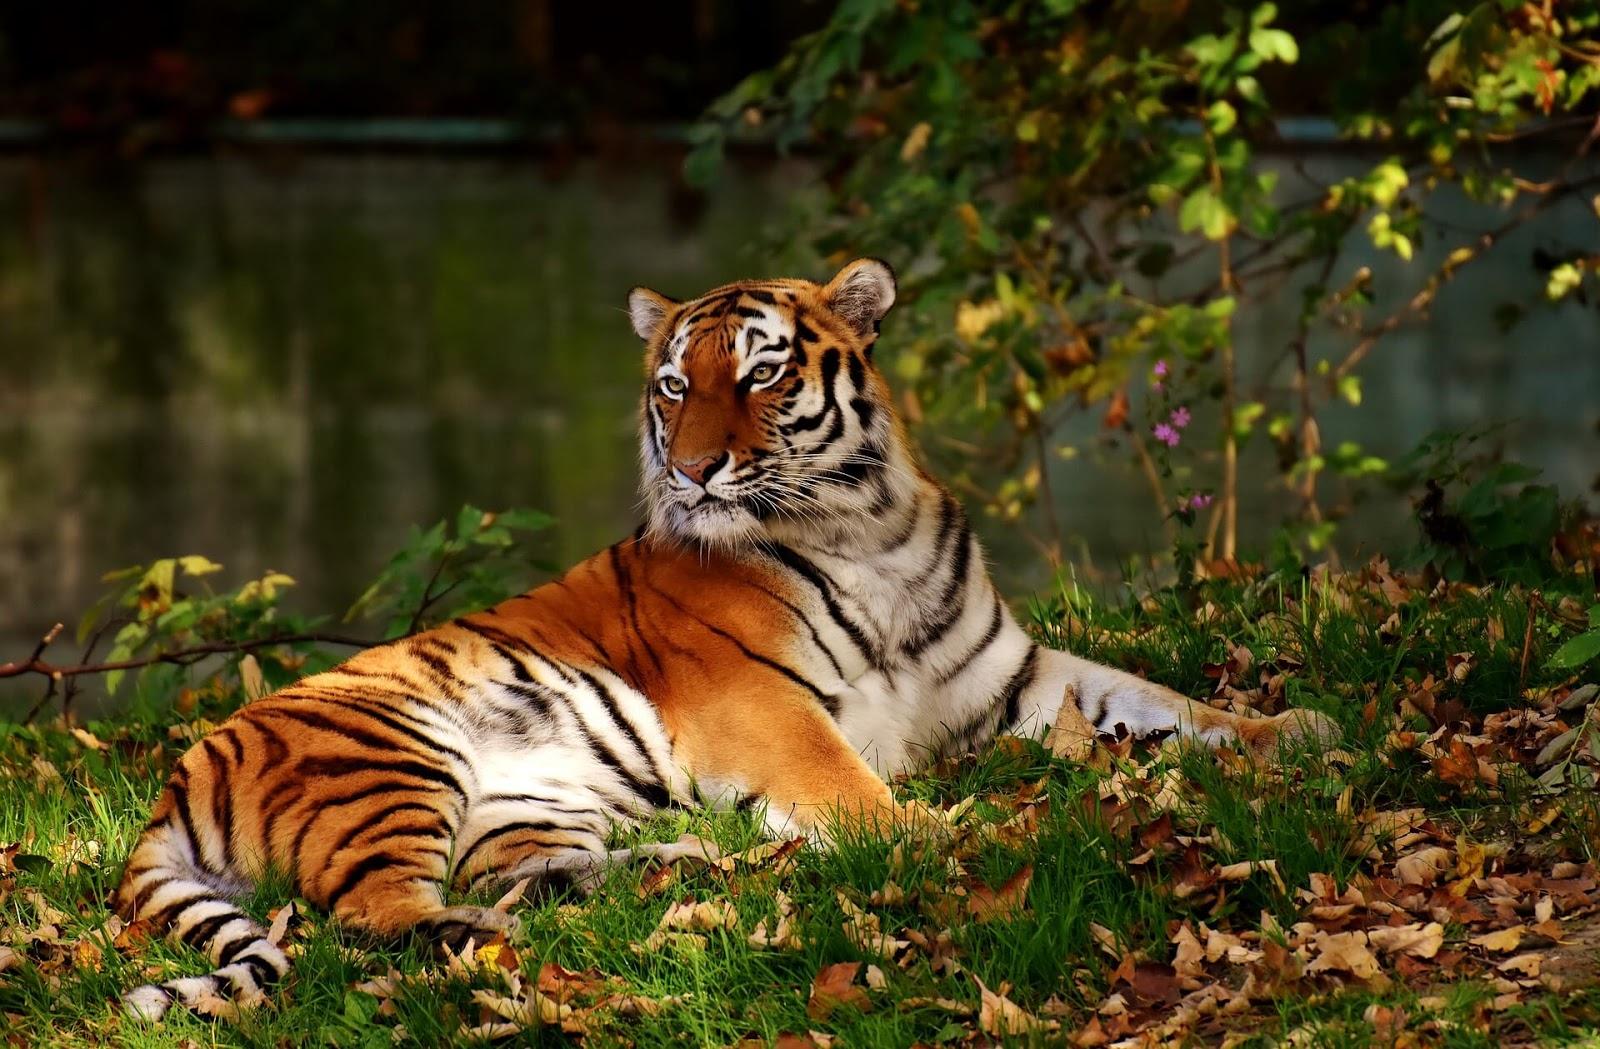 tiger wallpaper free download
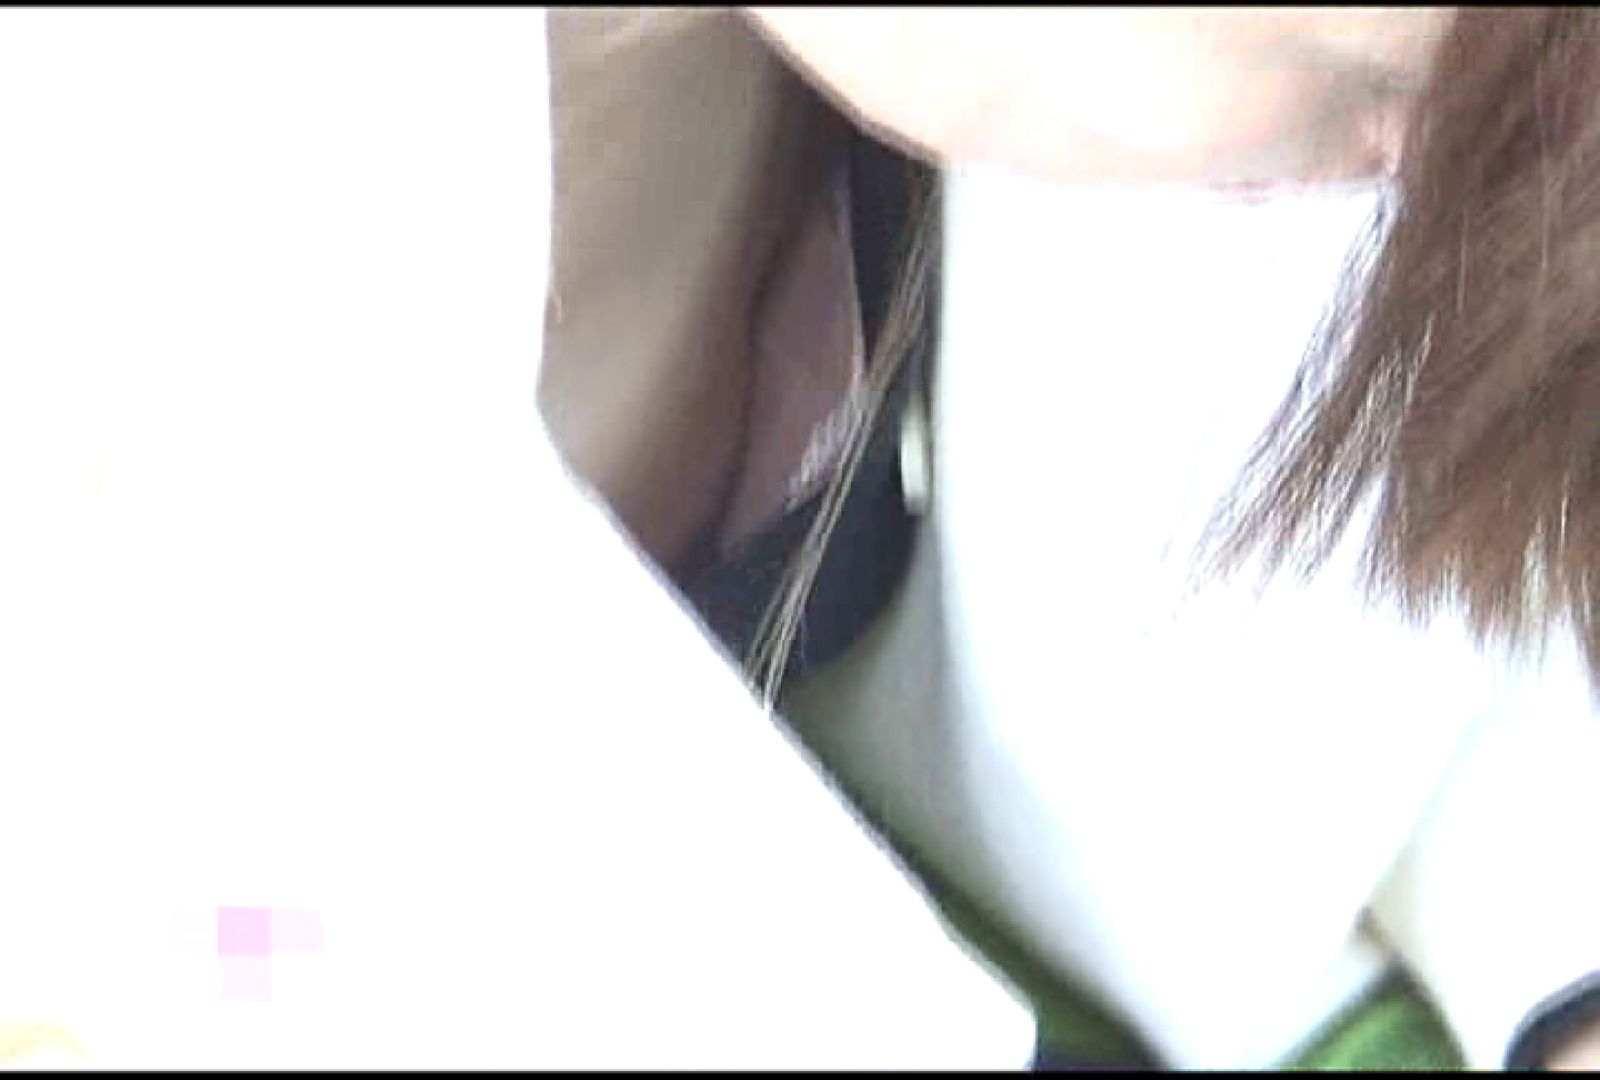 熱視線Vol.5 OLの実態 | 乳首  49pic 1
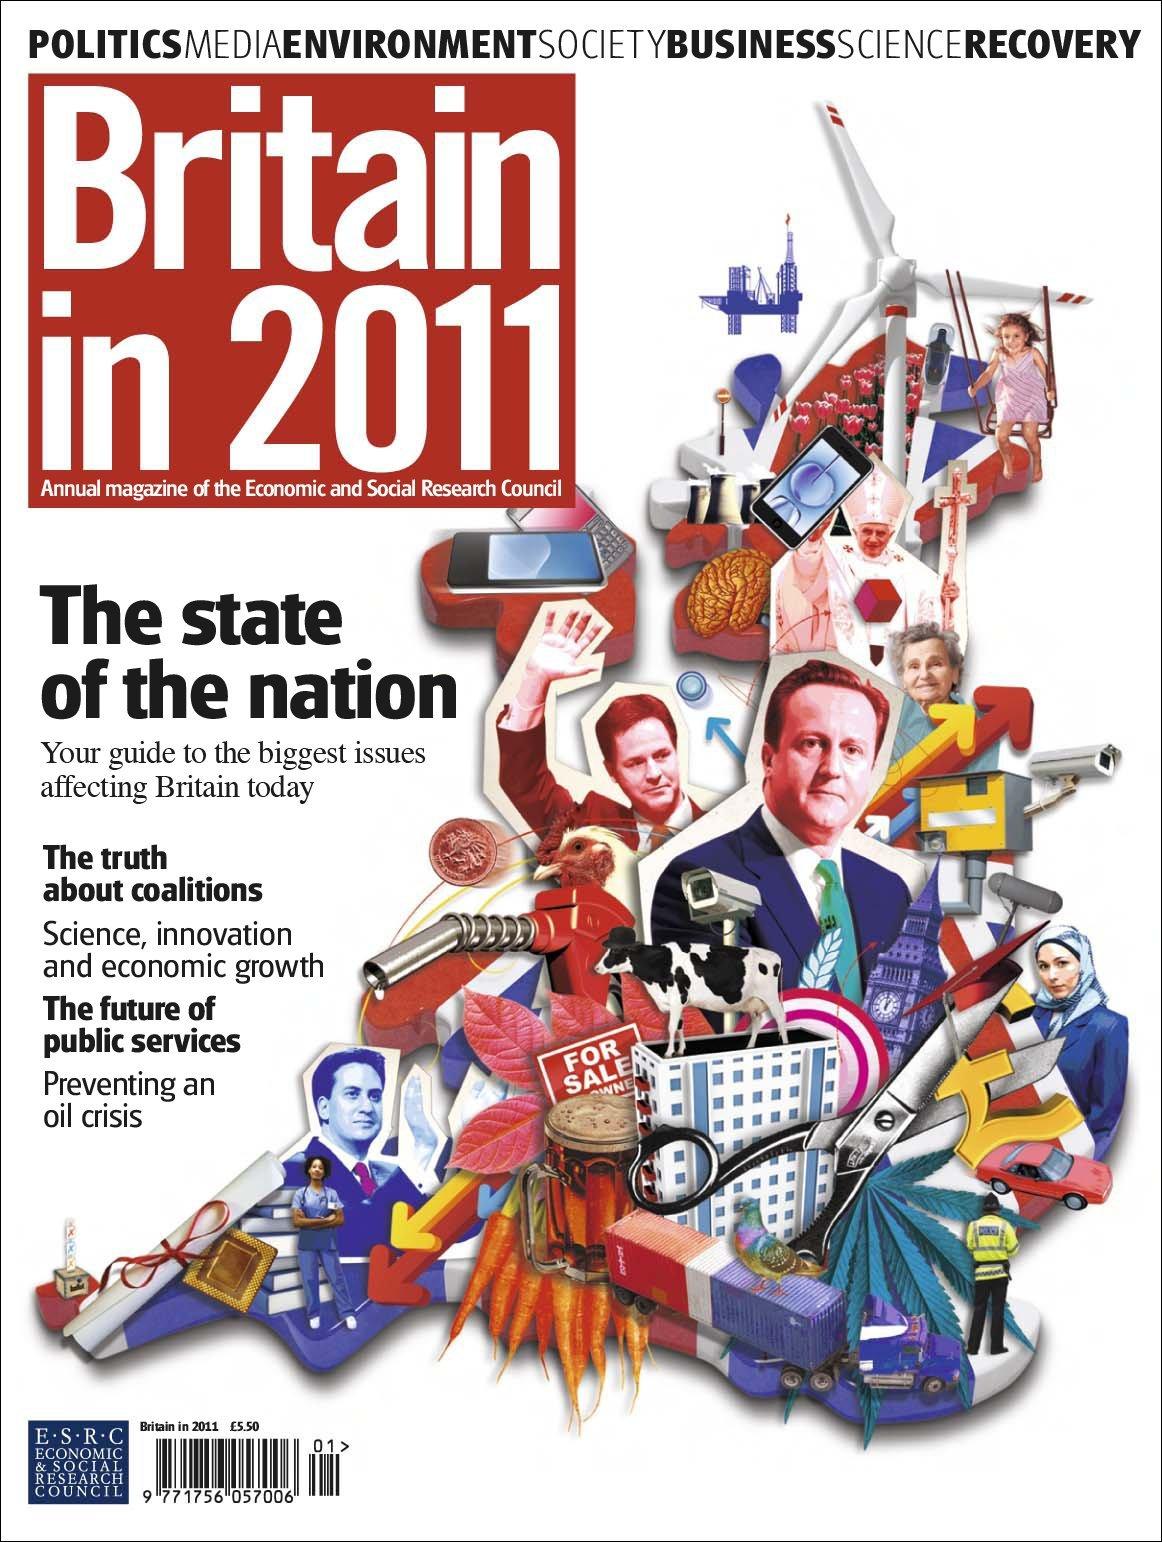 Britain in 2011 Digital
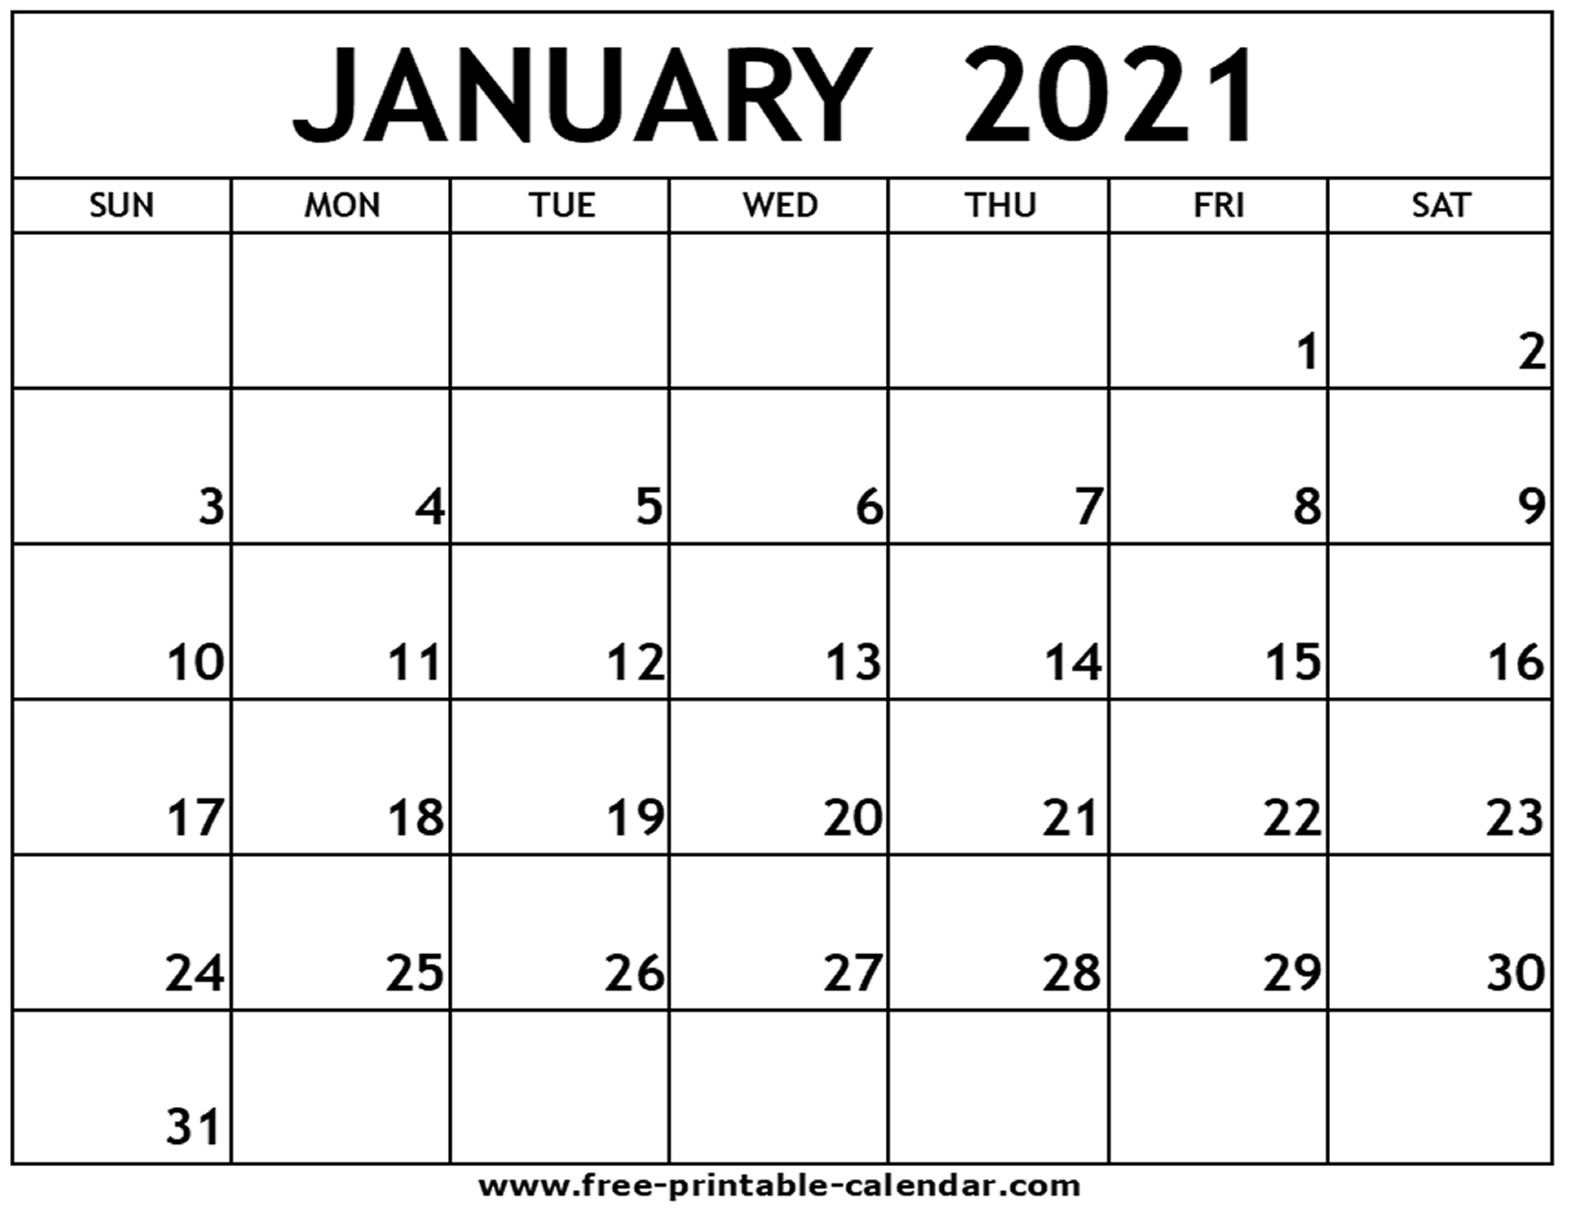 January 2021 Printable Calendar Free Printable Calendar

Try it → Retype, word for word, the line containing "熱視線Vol.5 OLの実態 |" and each line after it through the end of the data, leaving any picture out.

Task result →
 熱視線Vol.5 OLの実態 | 乳首  49pic 1
 Britain in 2011 Digital
 January 2021 Printable Calendar Free Printable Calendar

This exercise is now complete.